Risk of cerebrovascular events (CVE)

Patients with cancer are at increased risk of atrial fibrillation (AF) and this risk increases with surgery. Owing in part to the increased hypercoaguable state, patients with many types of cancer are also at increased risk for CVE independent of AF. AF occurs in approximately 12.6% of patients with cancer who are undergoing lung resection and it is also common in patients with cancer undergoing colectomy or esophageal resection. Elevated perioperative NT-BNP is associated with an increased risk of AF after lung cancer resection. Although AF confers a five-fold increased risk of CVE in the general population, the risk of CVE in those with cancer with post operative AF is not well studied nor is the optimal treatment approach. No evidence supports the use of routine preoperative carotid imaging prior to surgery.

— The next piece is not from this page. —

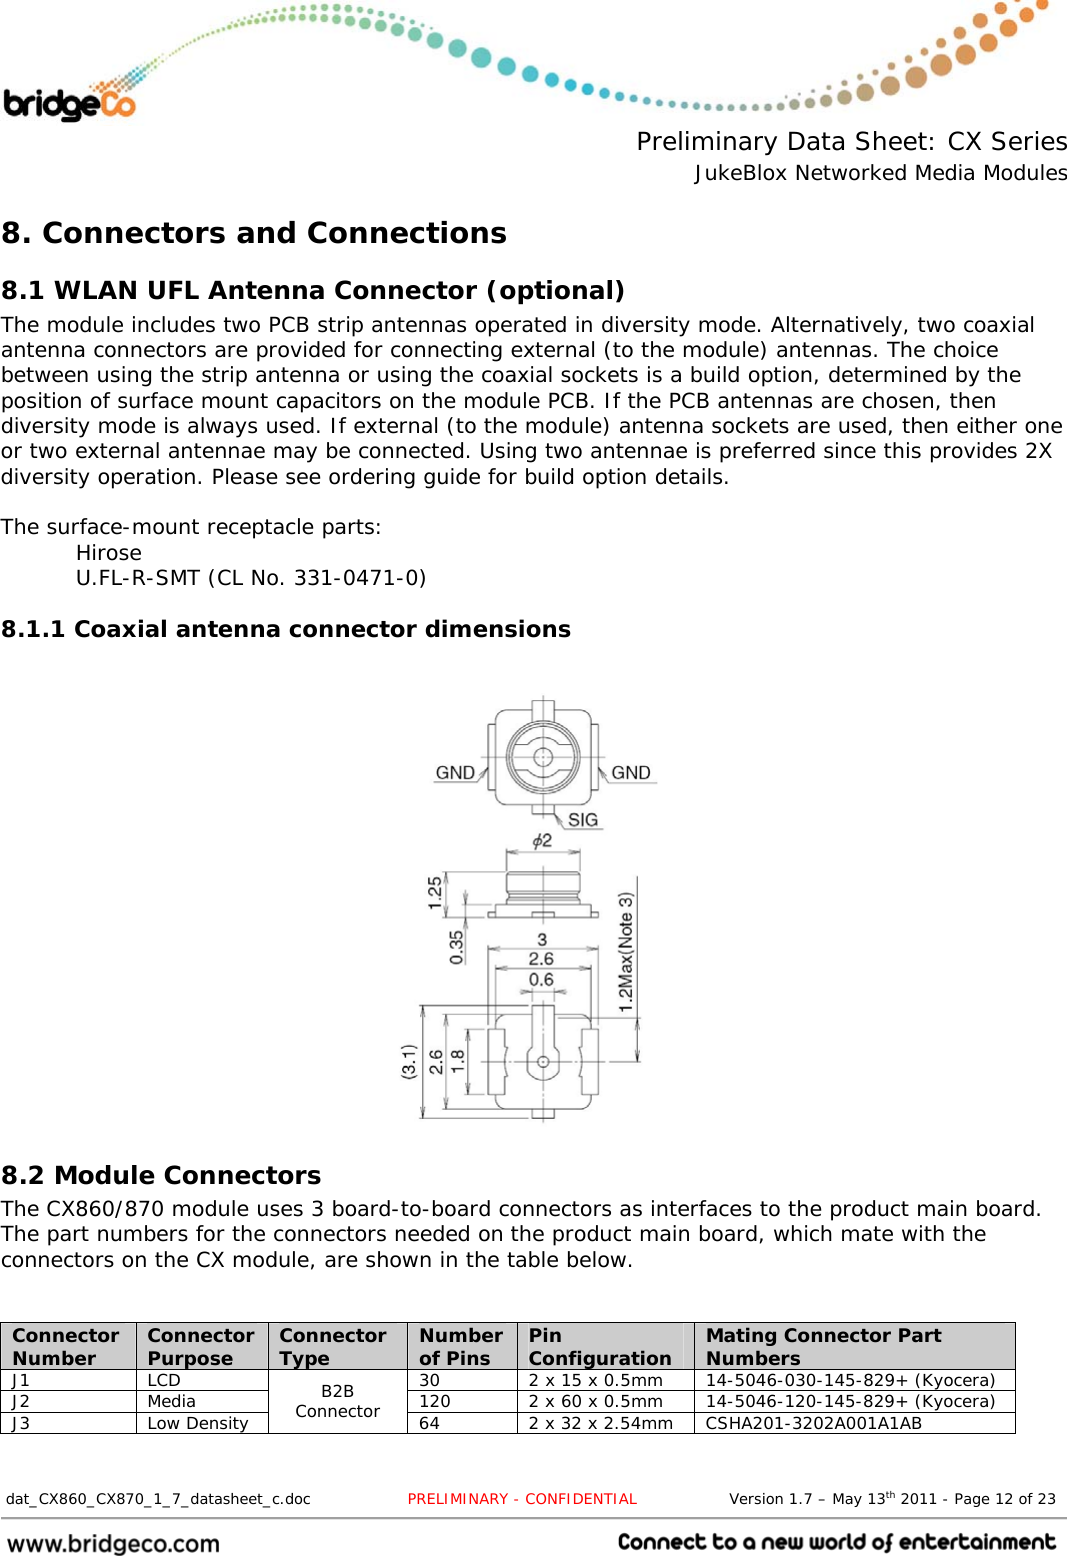  Preliminary Data Sheet: CX Series JukeBlox Networked Media Modules  dat_CX860_CX870_1_7_datasheet_c.doc                   PRELIMINARY - CONFIDENTIAL                  Version 1.7 – May 13th 2011 - Page 12 of 23                                 8. Connectors and Connections 8.1 WLAN UFL Antenna Connector (optional) The module includes two PCB strip antennas operated in diversity mode. Alternatively, two coaxial antenna connectors are provided for connecting external (to the module) antennas. The choice between using the strip antenna or using the coaxial sockets is a build option, determined by the position of surface mount capacitors on the module PCB. If the PCB antennas are chosen, then diversity mode is always used. If external (to the module) antenna sockets are used, then either one or two external antennae may be connected. Using two antennae is preferred since this provides 2X diversity operation. Please see ordering guide for build option details.  The surface-mount receptacle parts:  Hirose   U.FL-R-SMT (CL No. 331-0471-0) 8.1.1 Coaxial antenna connector dimensions                  8.2 Module Connectors The CX860/870 module uses 3 board-to-board connectors as interfaces to the product main board. The part numbers for the connectors needed on the product main board, which mate with the connectors on the CX module, are shown in the table below.   Connector Number  Connector Purpose  Connector Type  Number of Pins  Pin Configuration  Mating Connector Part Numbers J1  LCD  30  2 x 15 x 0.5mm  14-5046-030-145-829+ (Kyocera) J2  Media  120  2 x 60 x 0.5mm  14-5046-120-145-829+ (Kyocera) J3 Low Density B2B Connector  64  2 x 32 x 2.54mm  CSHA201-3202A001A1AB

Risk of venous thromboembolic events (VTE)

The risk of venous thromboembolism is markedly elevated in patients with cancer. Those undergoing surgery have two times higher rates of postoperative VTE than do patients without cancer. In addition to patient characteristics, such as advanced age, morbid obesity, and prolonged hospitalization, cancer type is a major risk factor for VTE in those patients undergoing surgery. For example, the 30-day incidence of VTE after breast cancer surgery is very low (~0.30%); however, the VTE incidence for patients undergoing esophagectomy, cystectomy, and pancreatectomy is very high (~7.3%, 4.9%, and 3.4%, respectively). Patients should have prophylaxis for VTE administered postoperatively as soon as feasible, from a postoperative bleeding perspective.